Aim of the task: Using the listing below, set down exactly the lines from the one that contains "Concept art of" through the one that contains "Amelia Bono and", with no pictures.

Dataset:
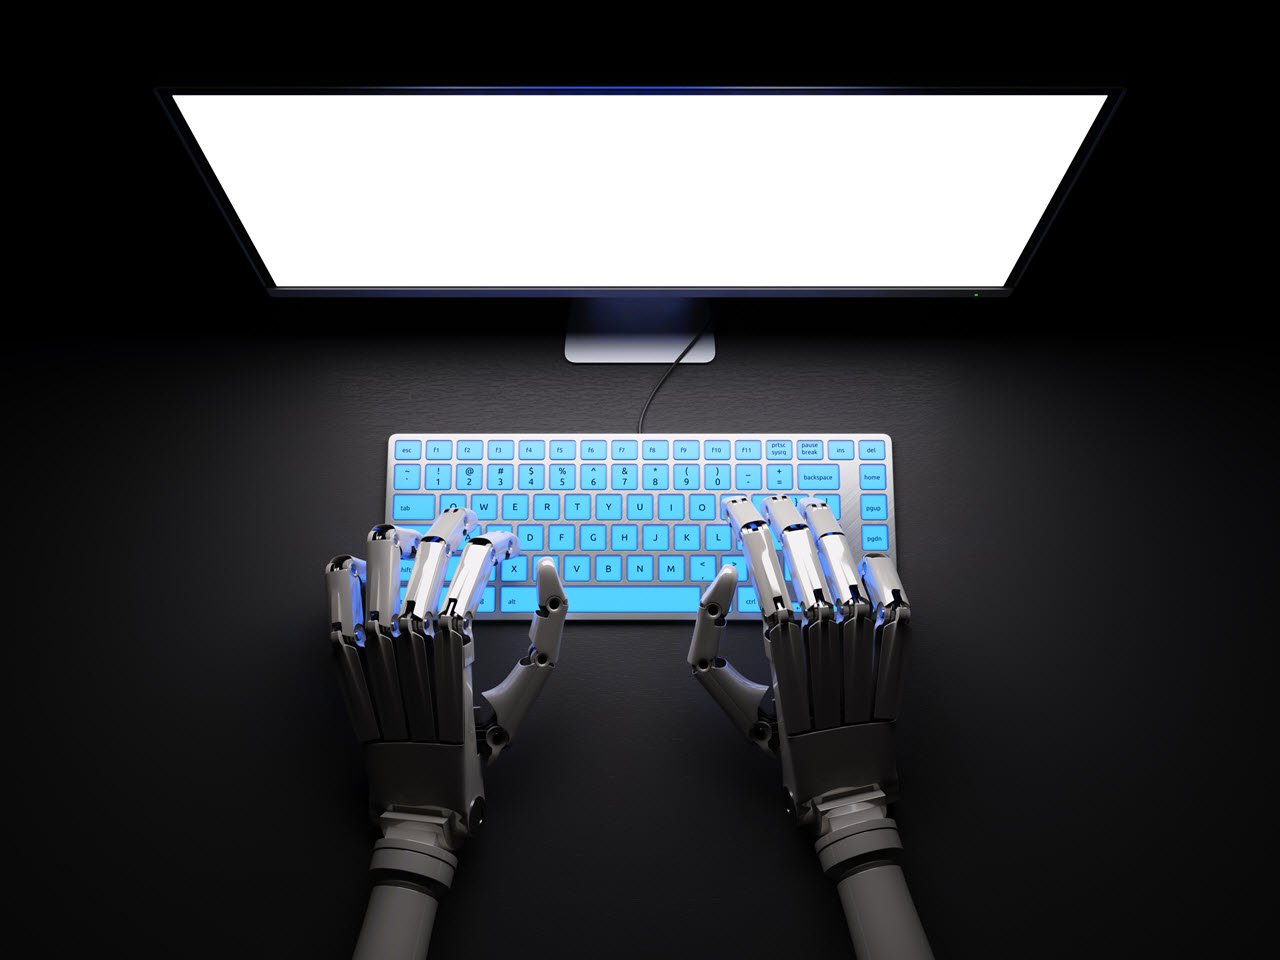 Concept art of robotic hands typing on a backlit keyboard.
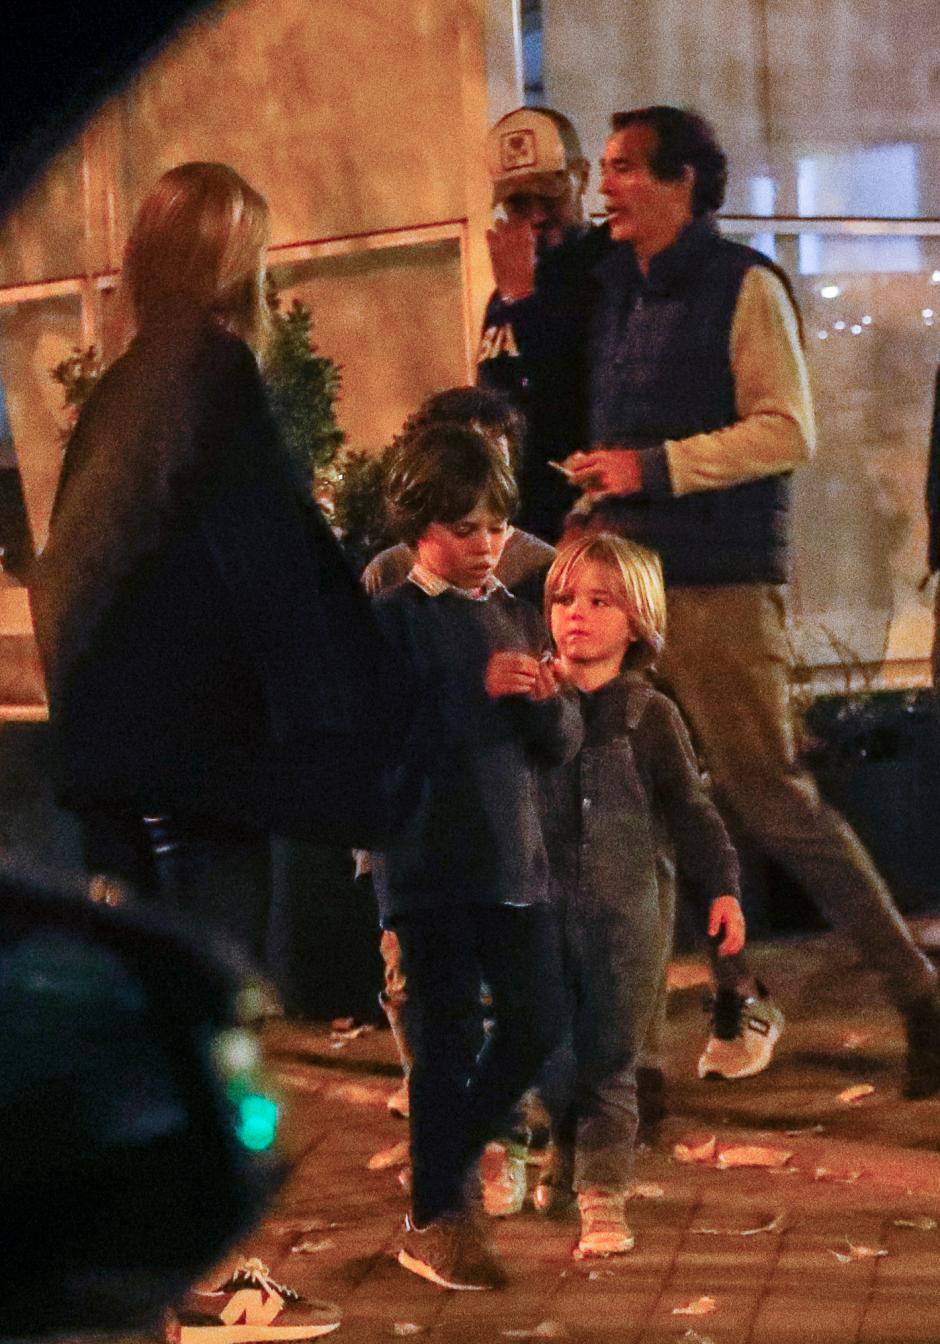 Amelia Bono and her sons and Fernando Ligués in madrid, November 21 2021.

---

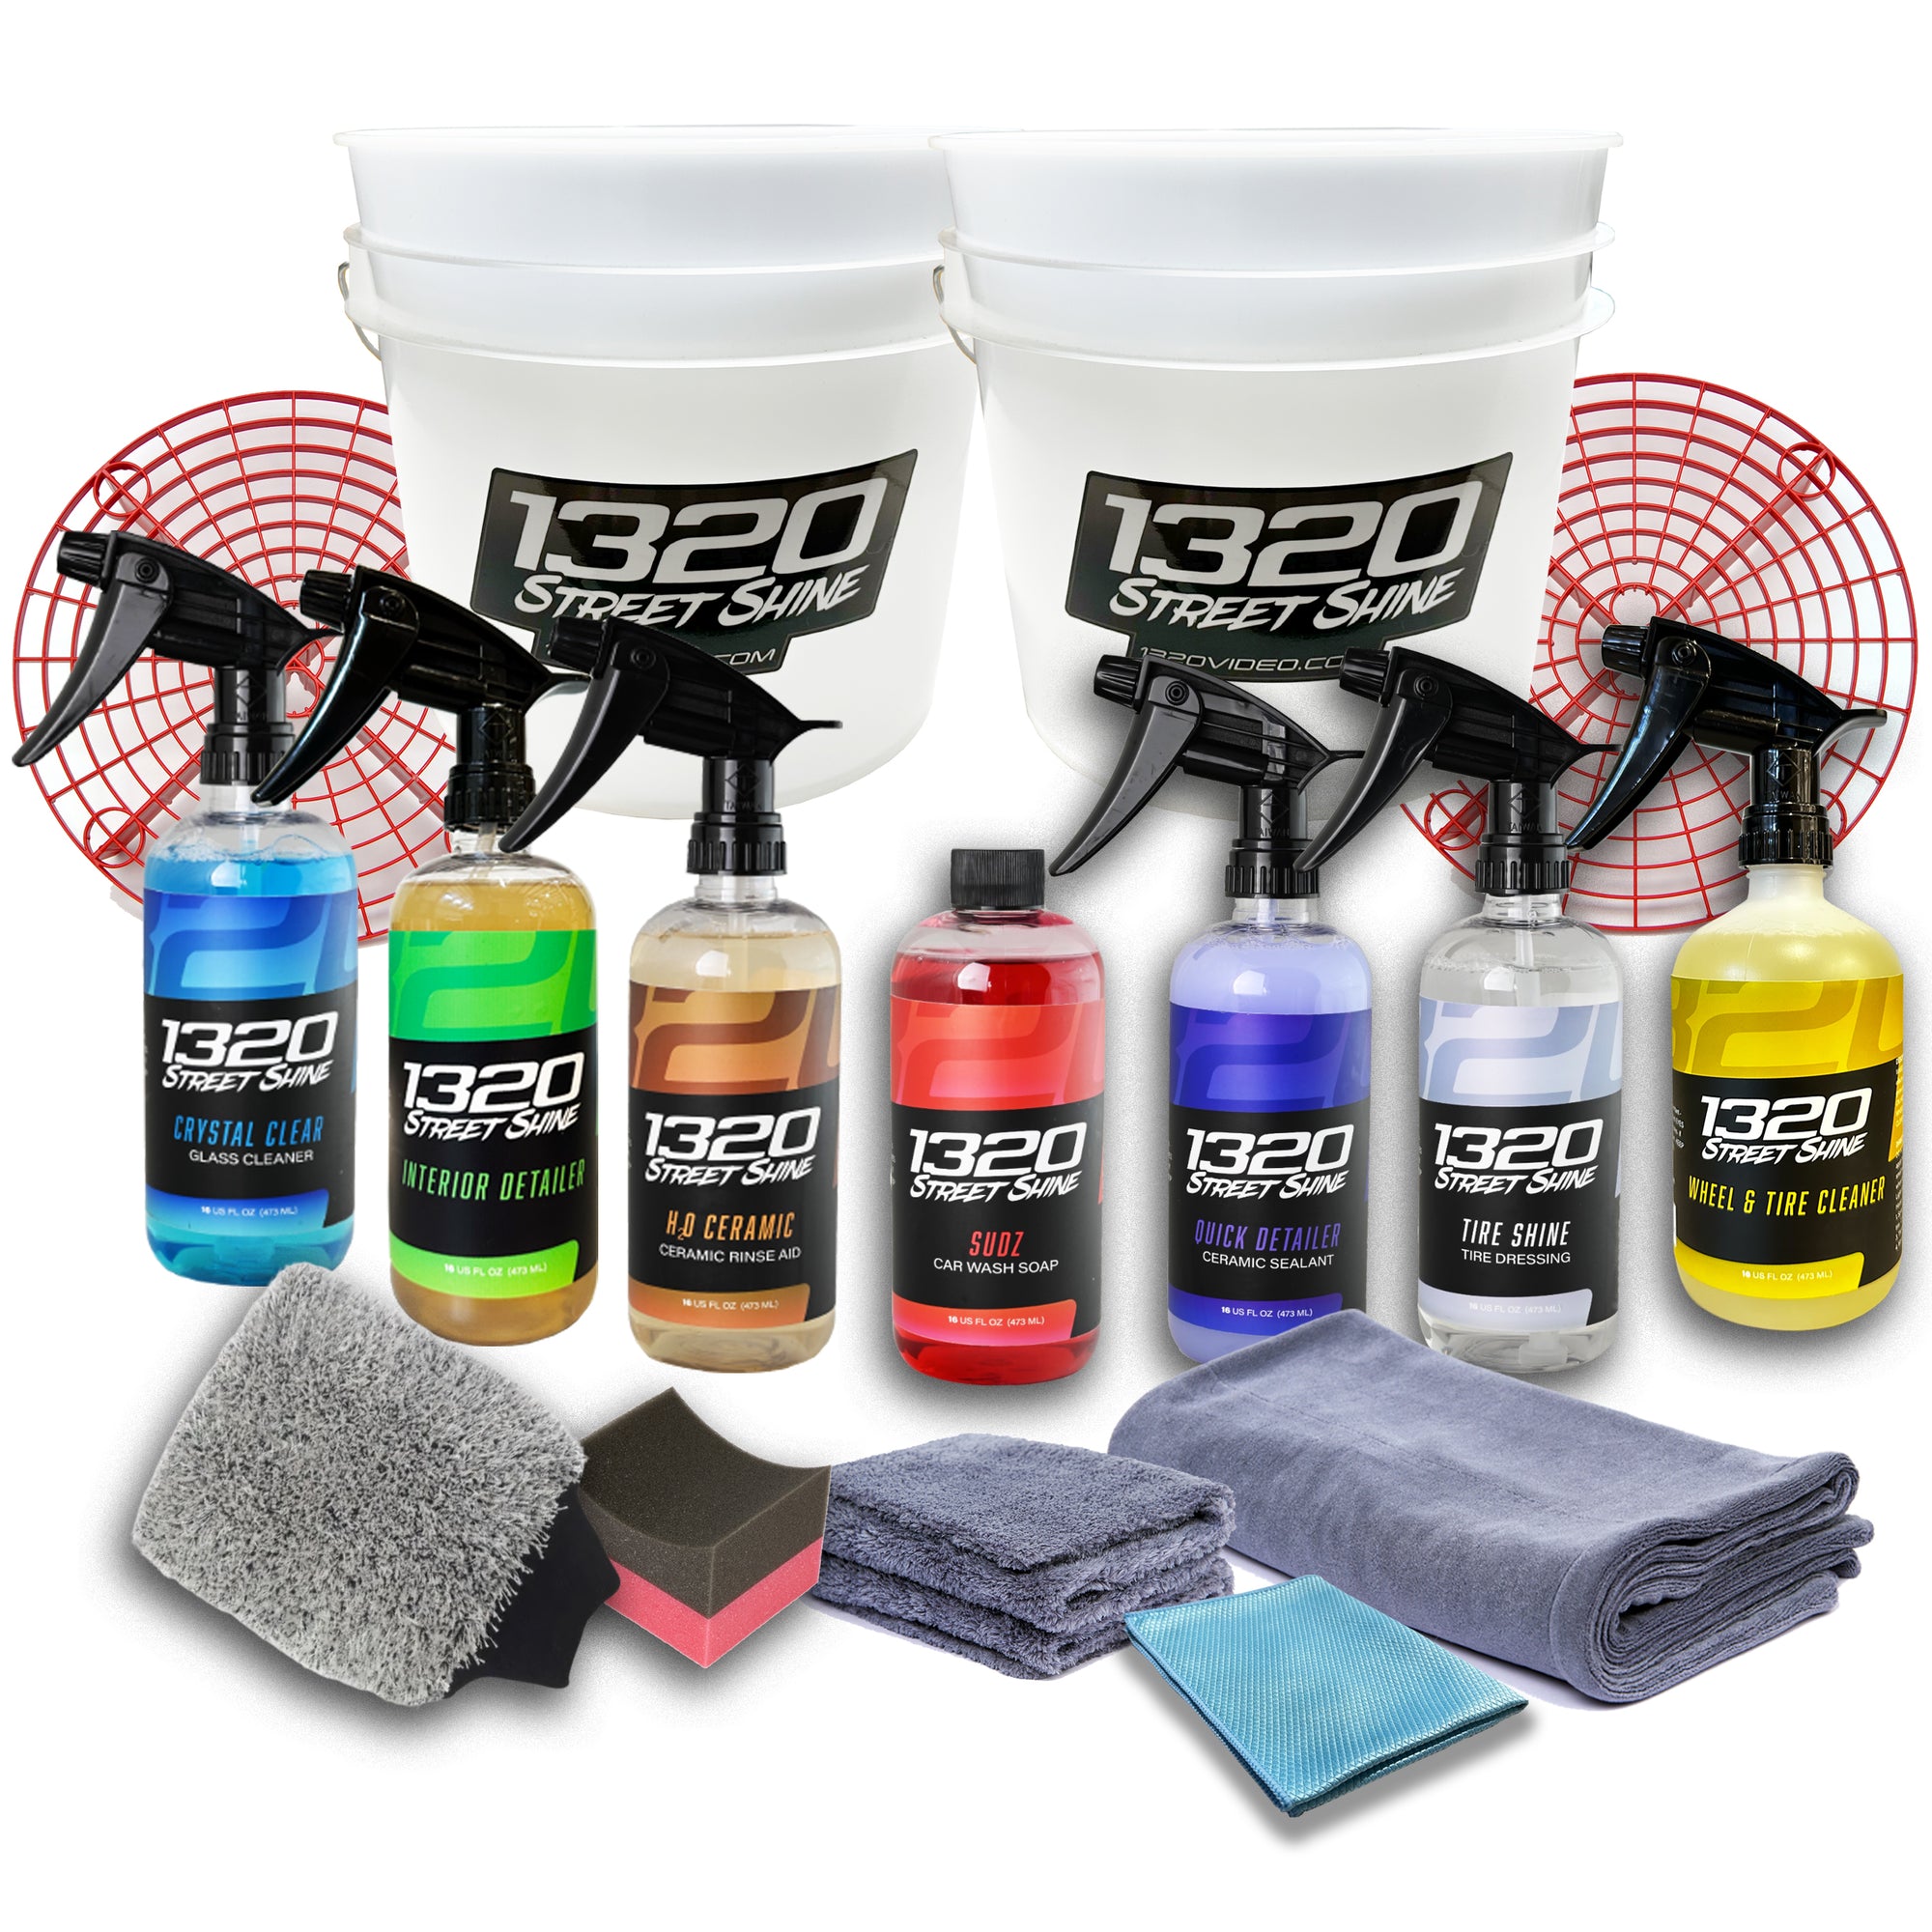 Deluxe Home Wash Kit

==

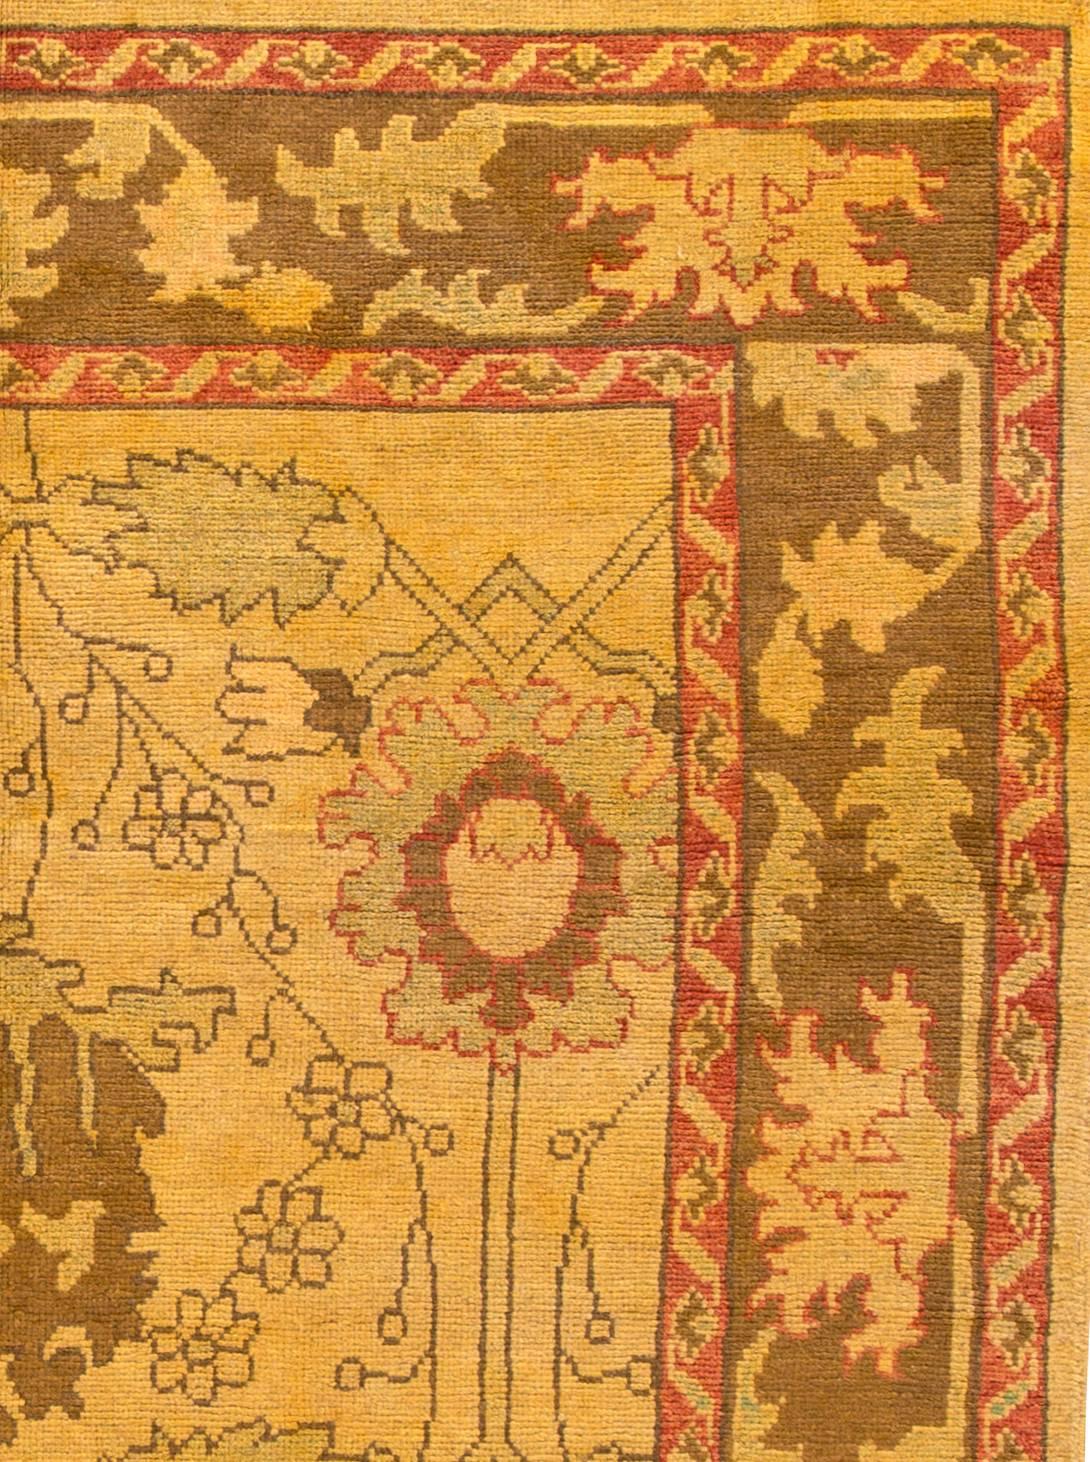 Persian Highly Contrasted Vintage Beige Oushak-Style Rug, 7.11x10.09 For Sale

Response box:
 Concept art of robotic hands typing on a backlit keyboard.
 Amelia Bono and her sons and Fernando Ligués in madrid, November 21 2021.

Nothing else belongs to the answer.